• [THE DATA]:
--- --- ---
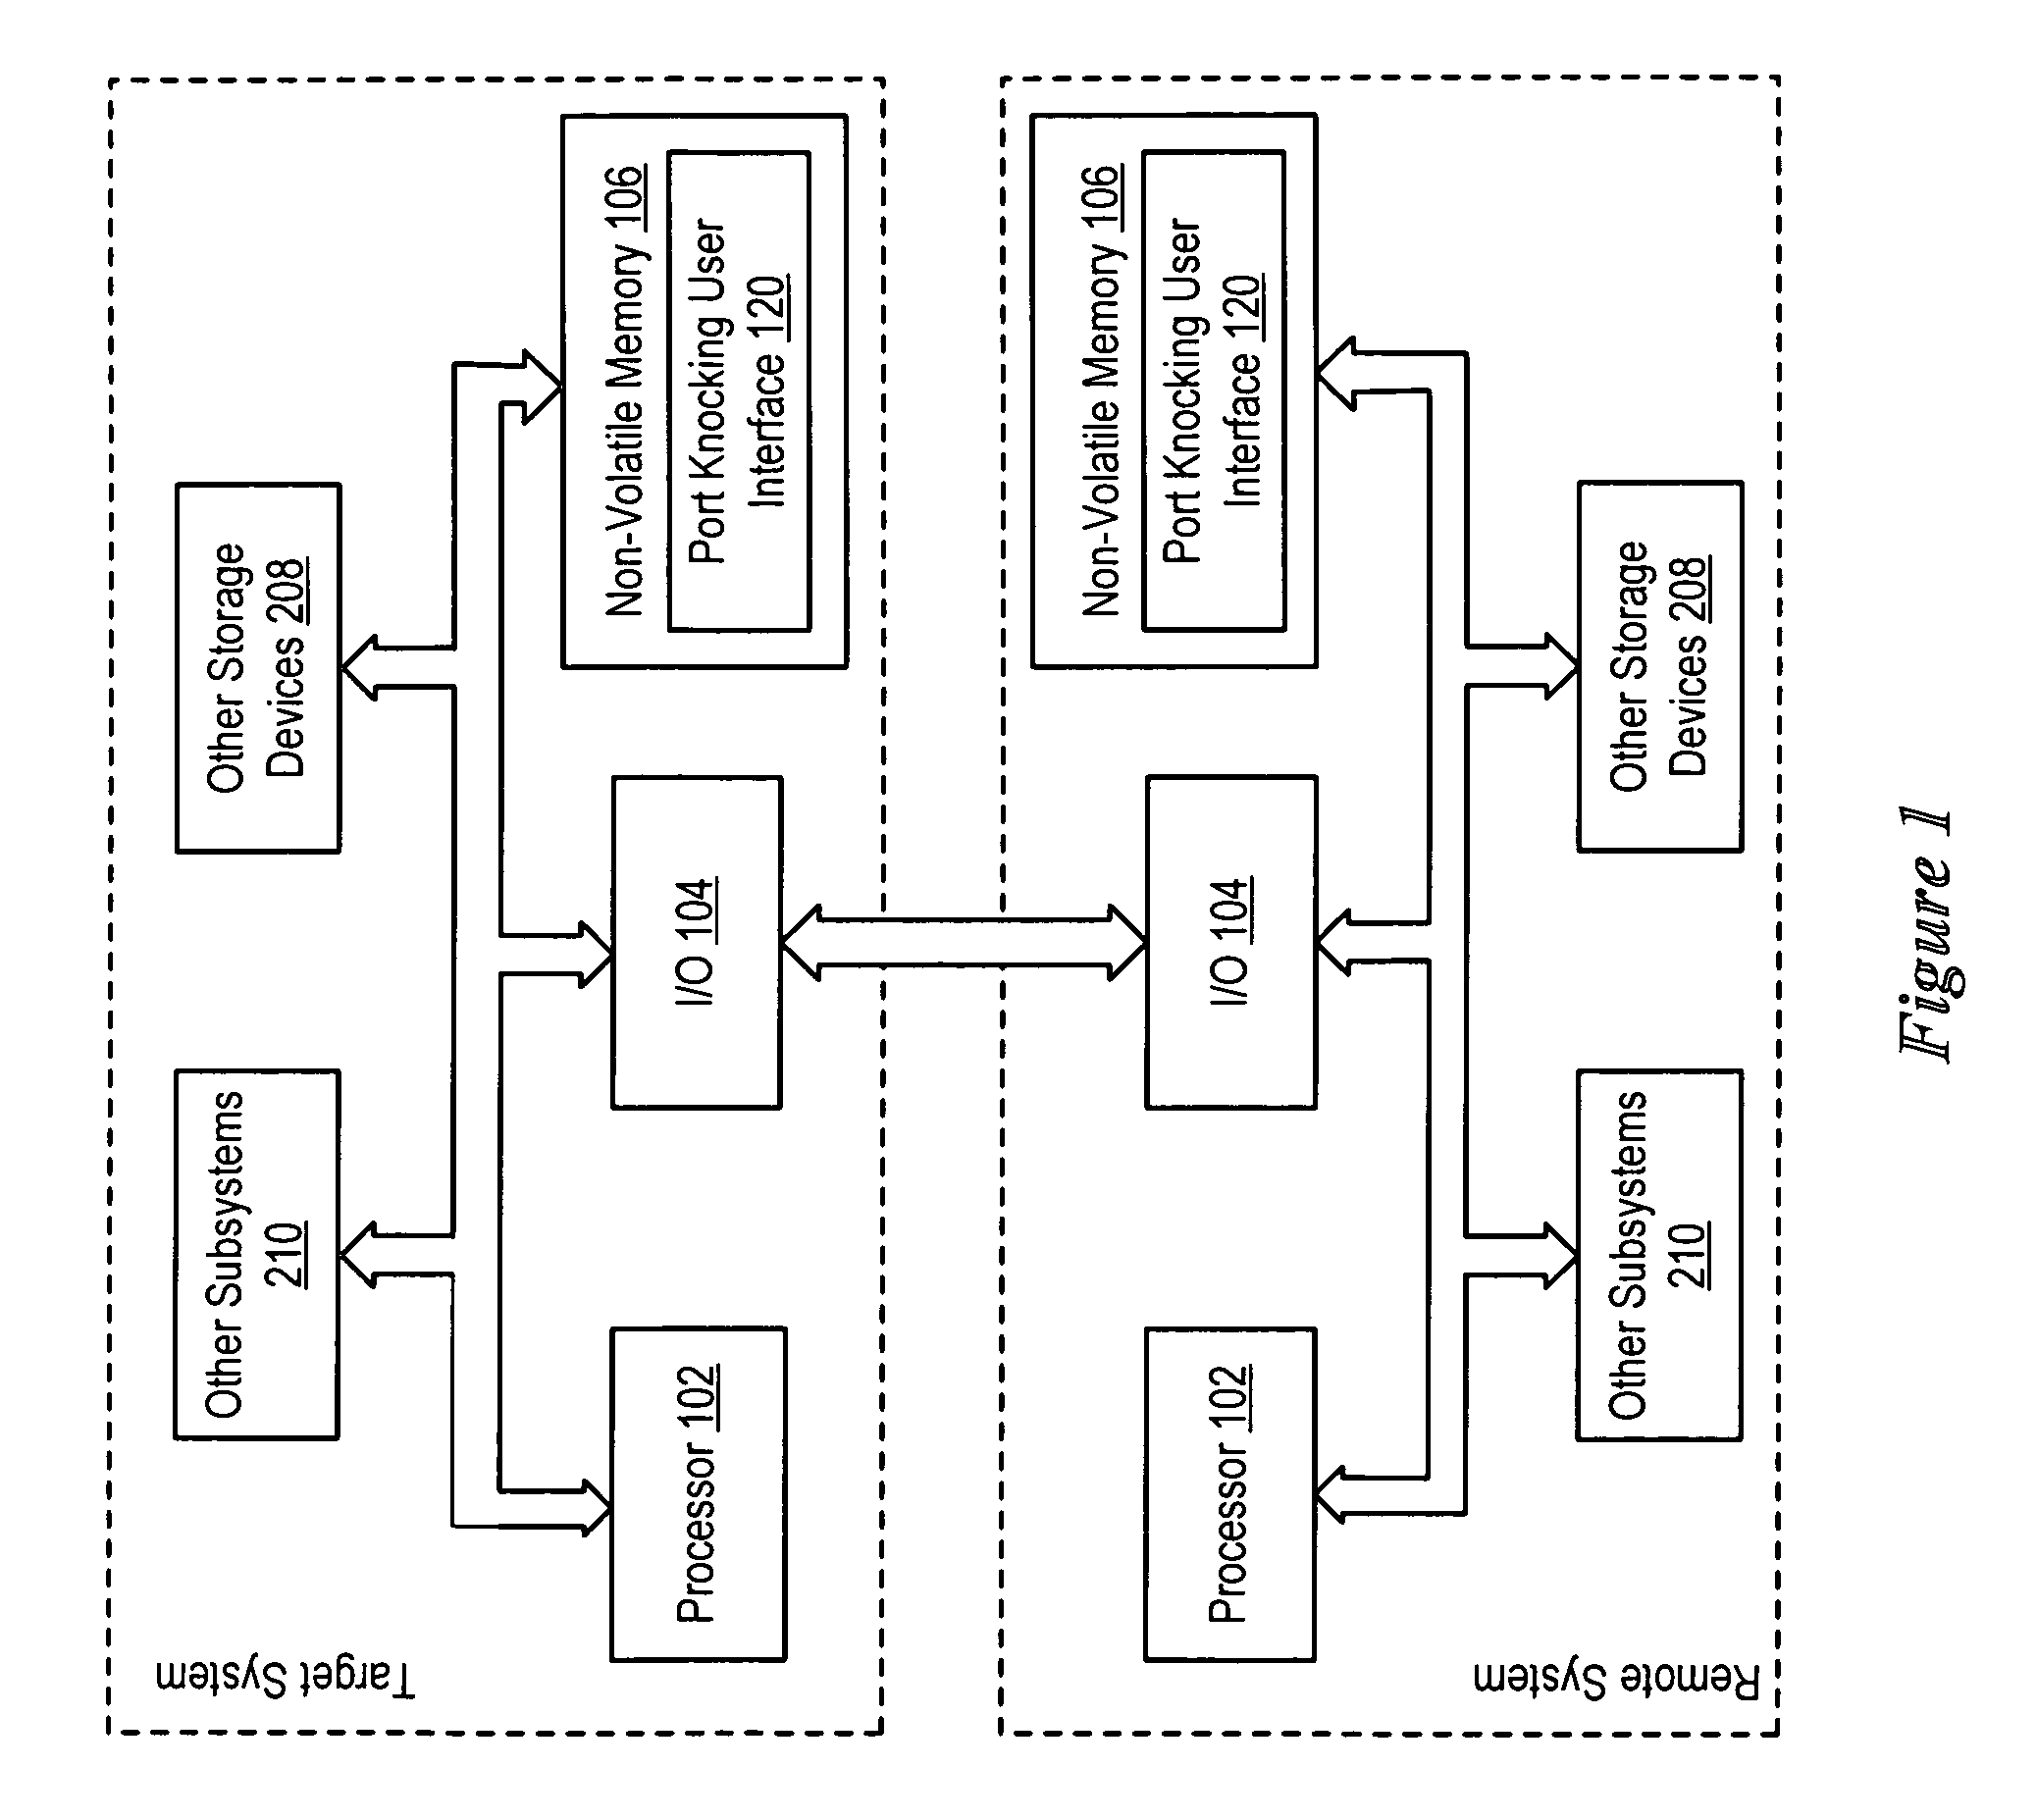 Keypad user interface and port sequence mapping algorithm
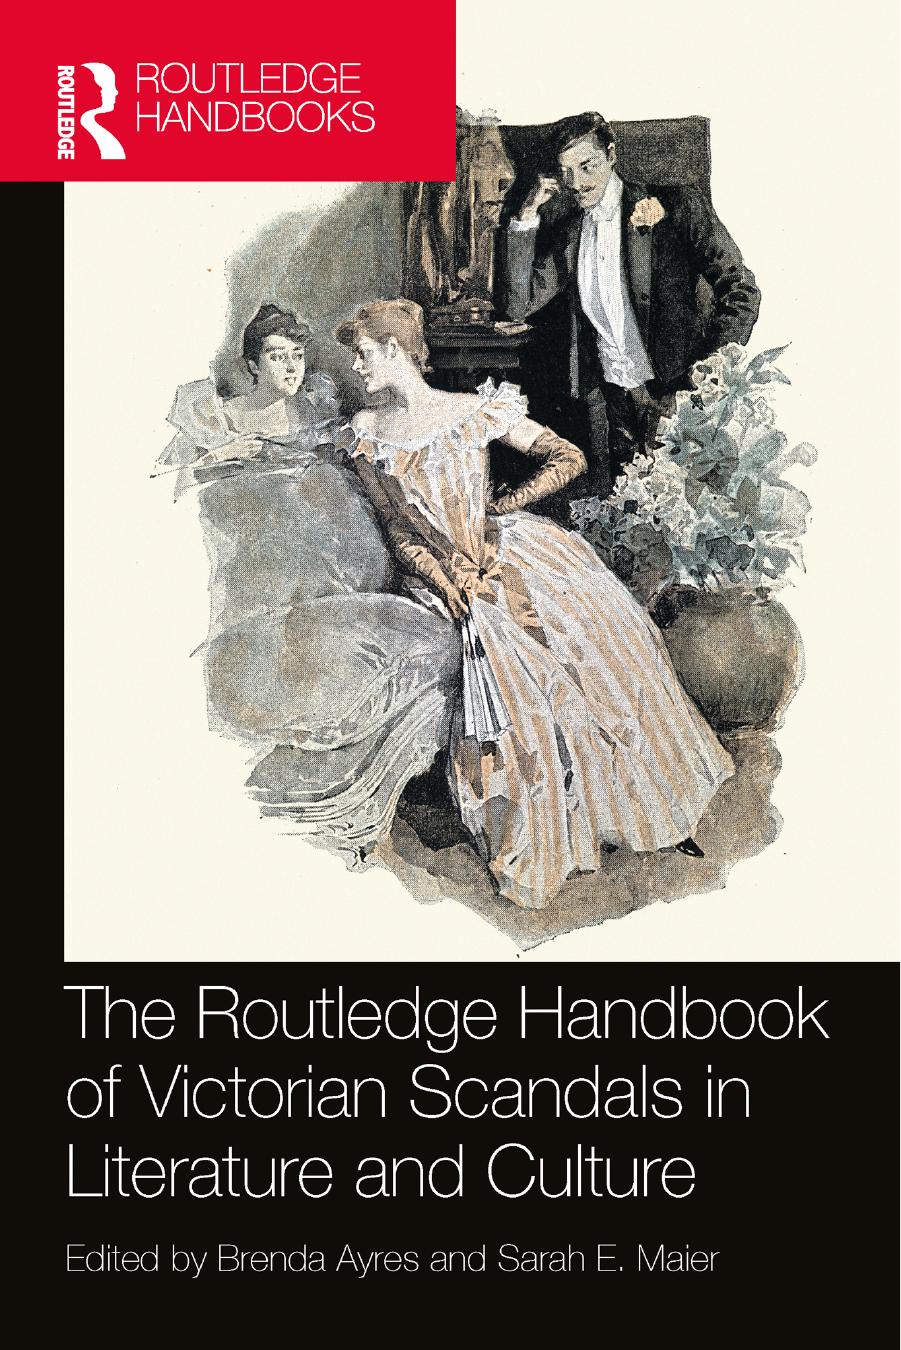 The Routledge Handbook of Victorian Scandals in Literature and Culture by Edited by Brenda Ayres and Sarah E. Maier
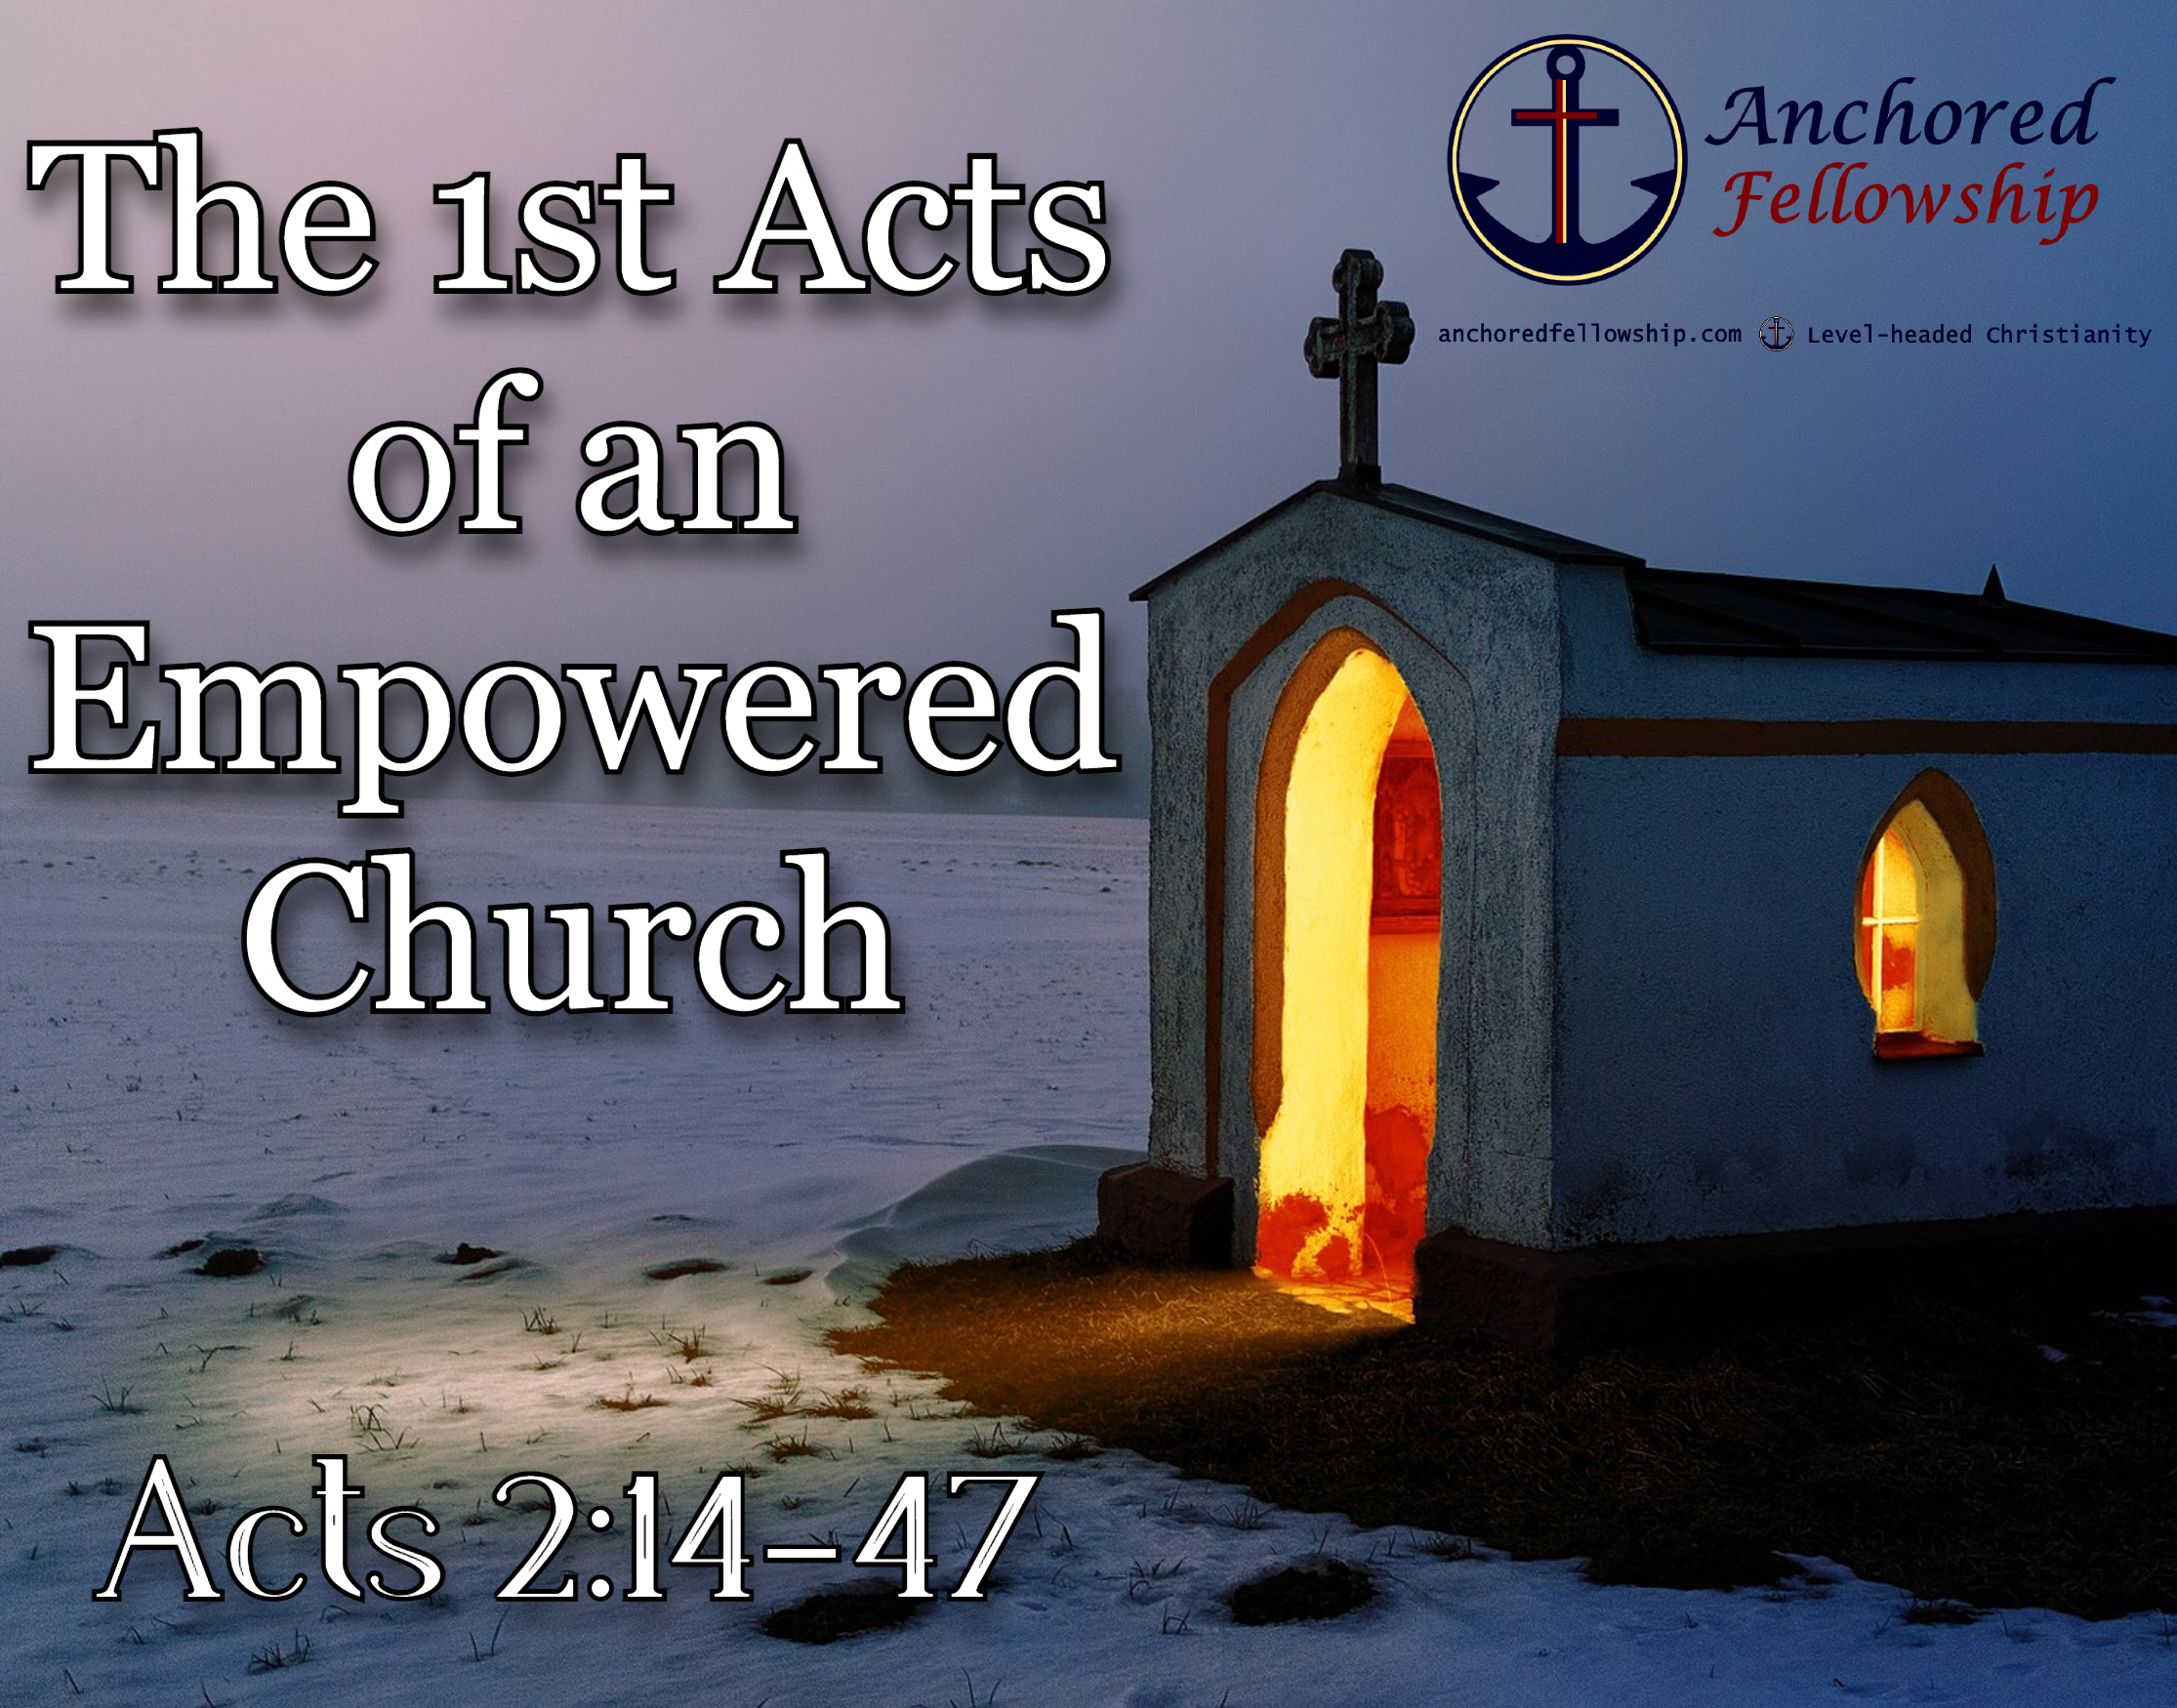 The 1st Acts of an Empowered Church Image
--- --- ---
• [PROBLEM TO SOLVE]:
Give all of the material again, exactly, apart from the pictures.

• [TASK OUTPUT]:
 Keypad user interface and port sequence mapping algorithm
 The Routledge Handbook of Victorian Scandals in Literature and Culture by Edited by Brenda Ayres and Sarah E. Maier
 The 1st Acts of an Empowered Church Image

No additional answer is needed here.